What you will do: The whole listing below should be printed again exactly, with no images.

Available data:

== == ==

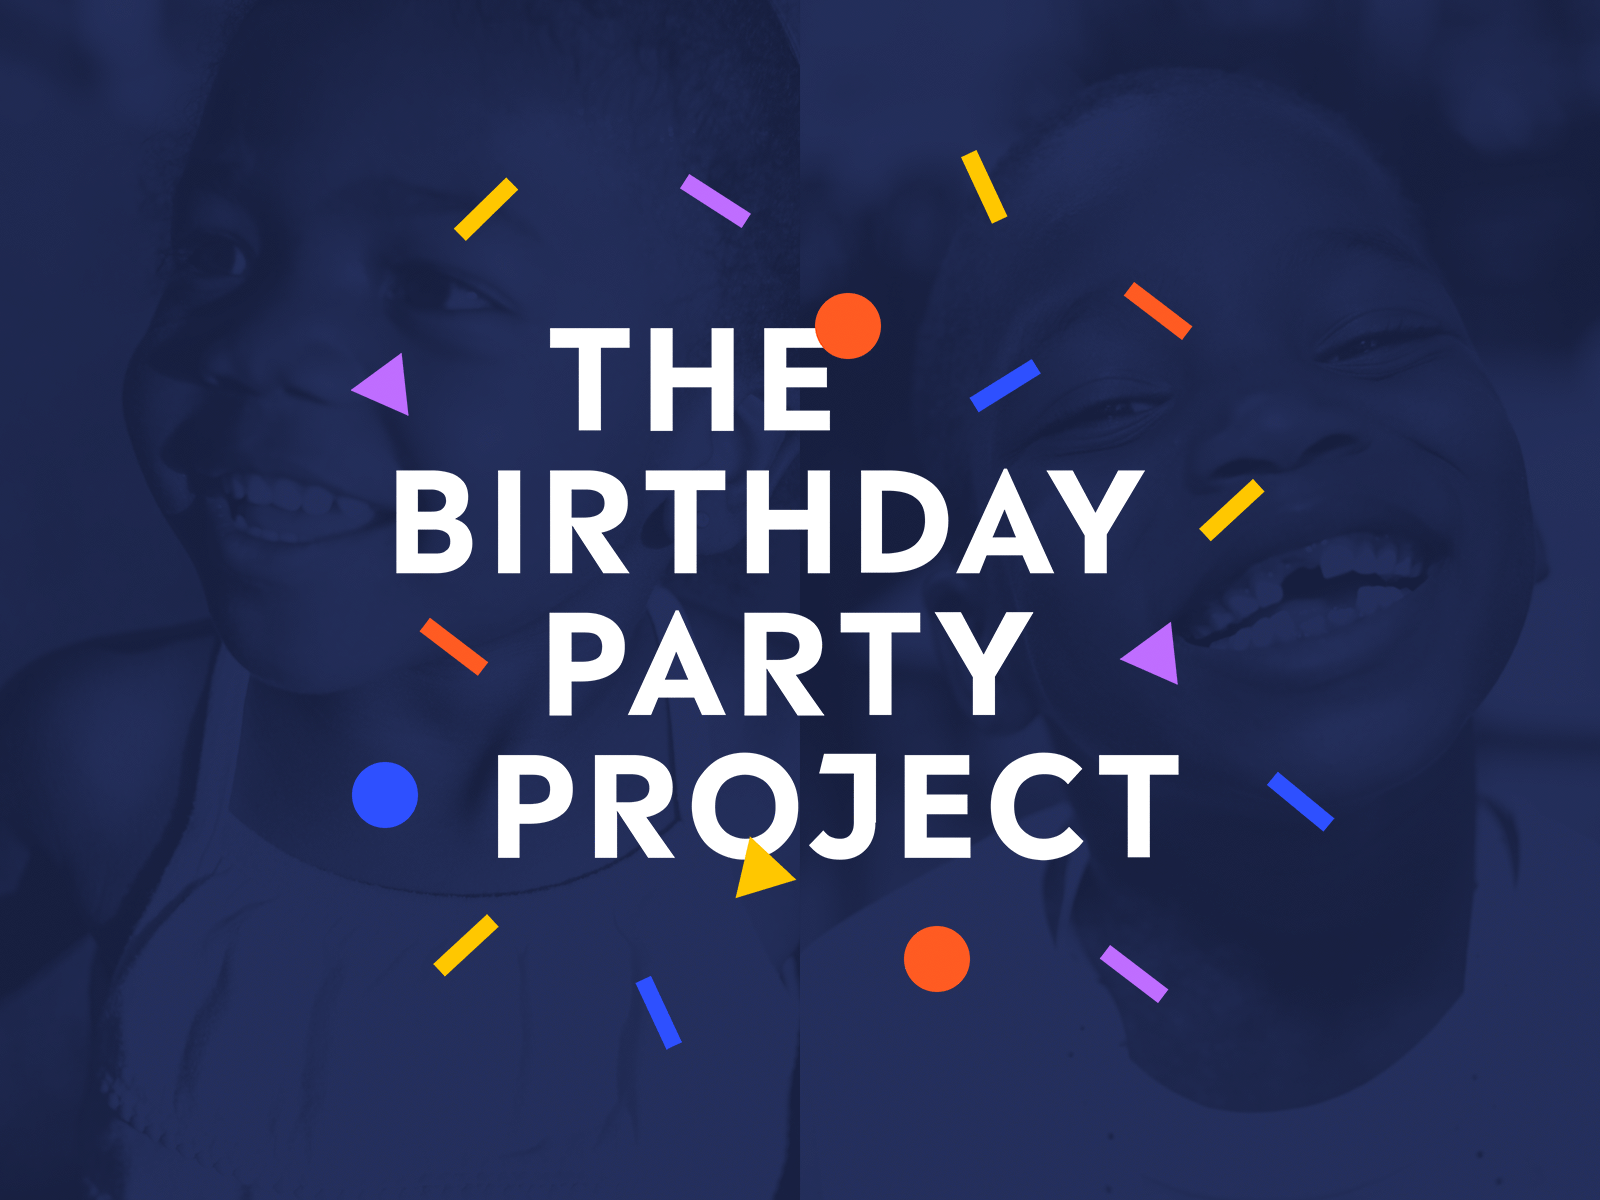 the-birthday-party-project-by-ryan-jarrell-for-tegan-on-dribbble
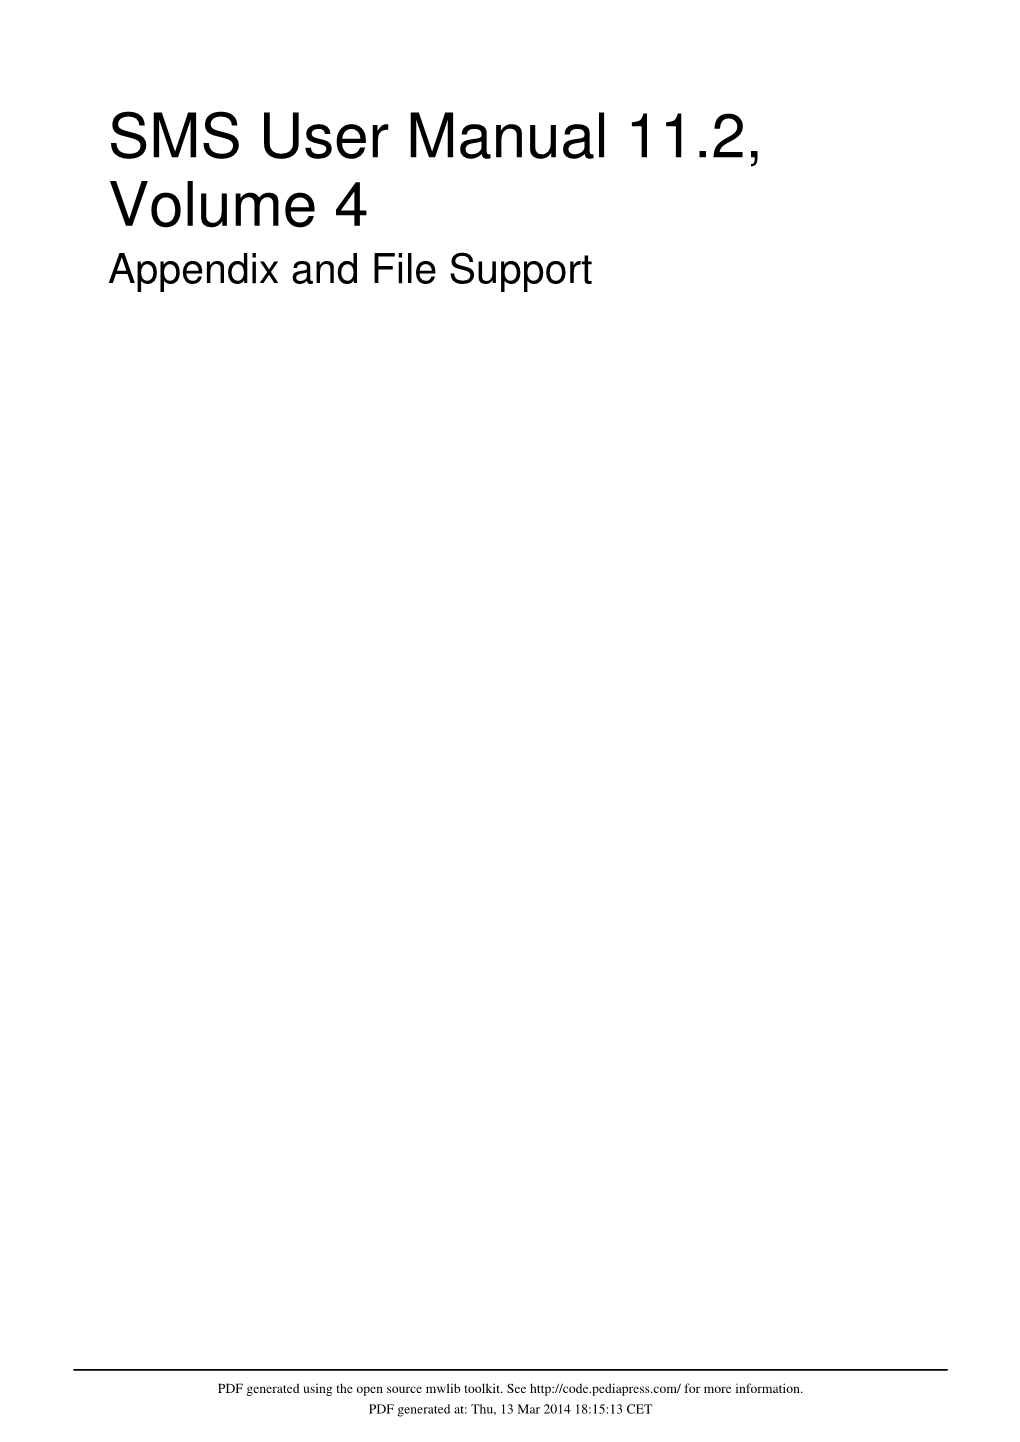 SMS User Manual 11.2, Volume 4 Appendix and File Support
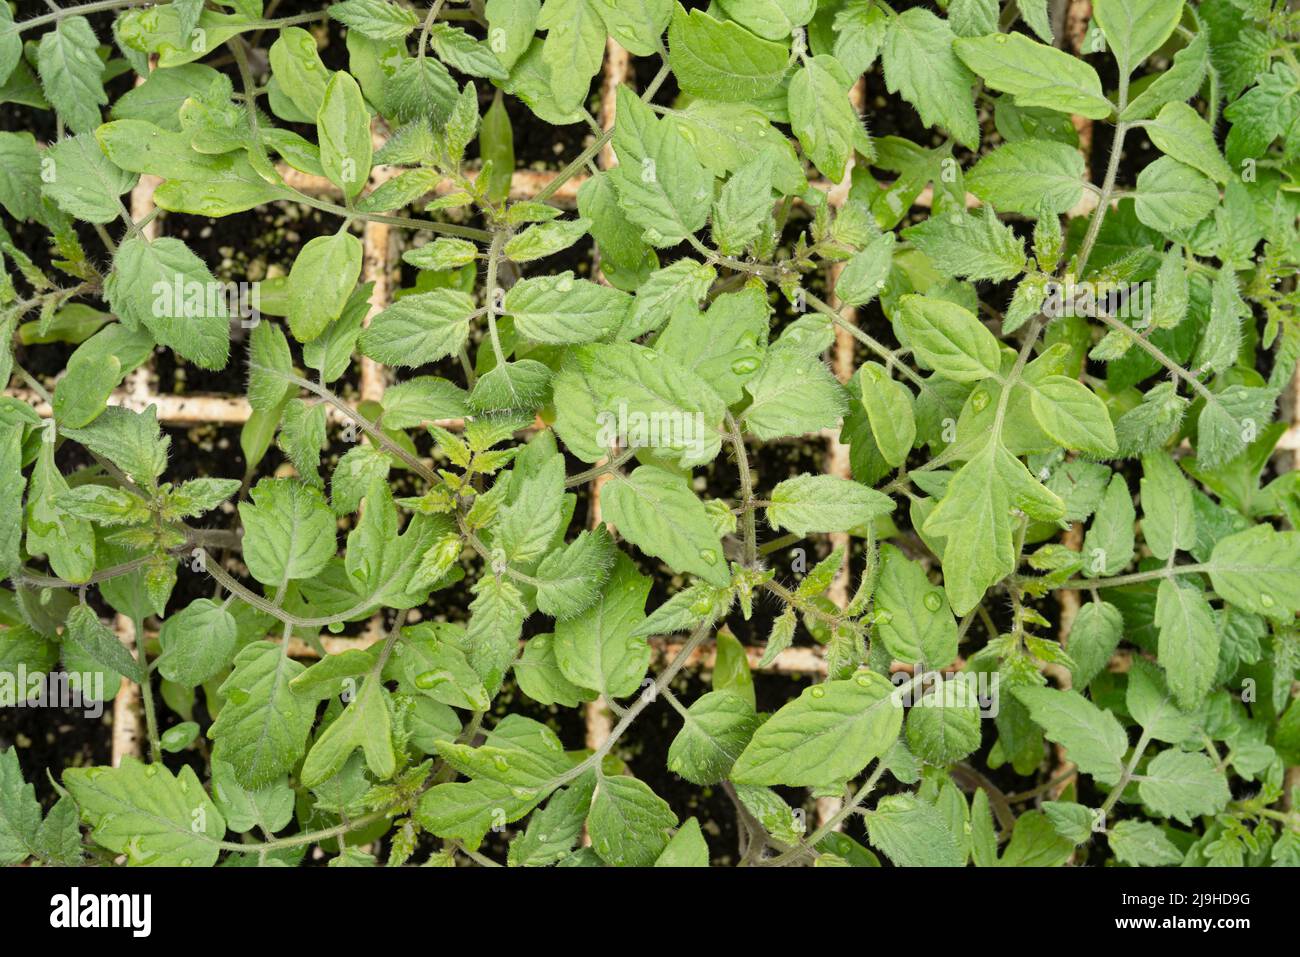 Young tomato transplants growing in a styrofoam tray. Stock Photo

== == ==

Your solution:
 the-birthday-party-project-by-ryan-jarrell-for-tegan-on-dribbble
 SMS User Manual 11.2, Volume 4 Appendix and File Support
 Young tomato transplants growing in a styrofoam tray. Stock Photo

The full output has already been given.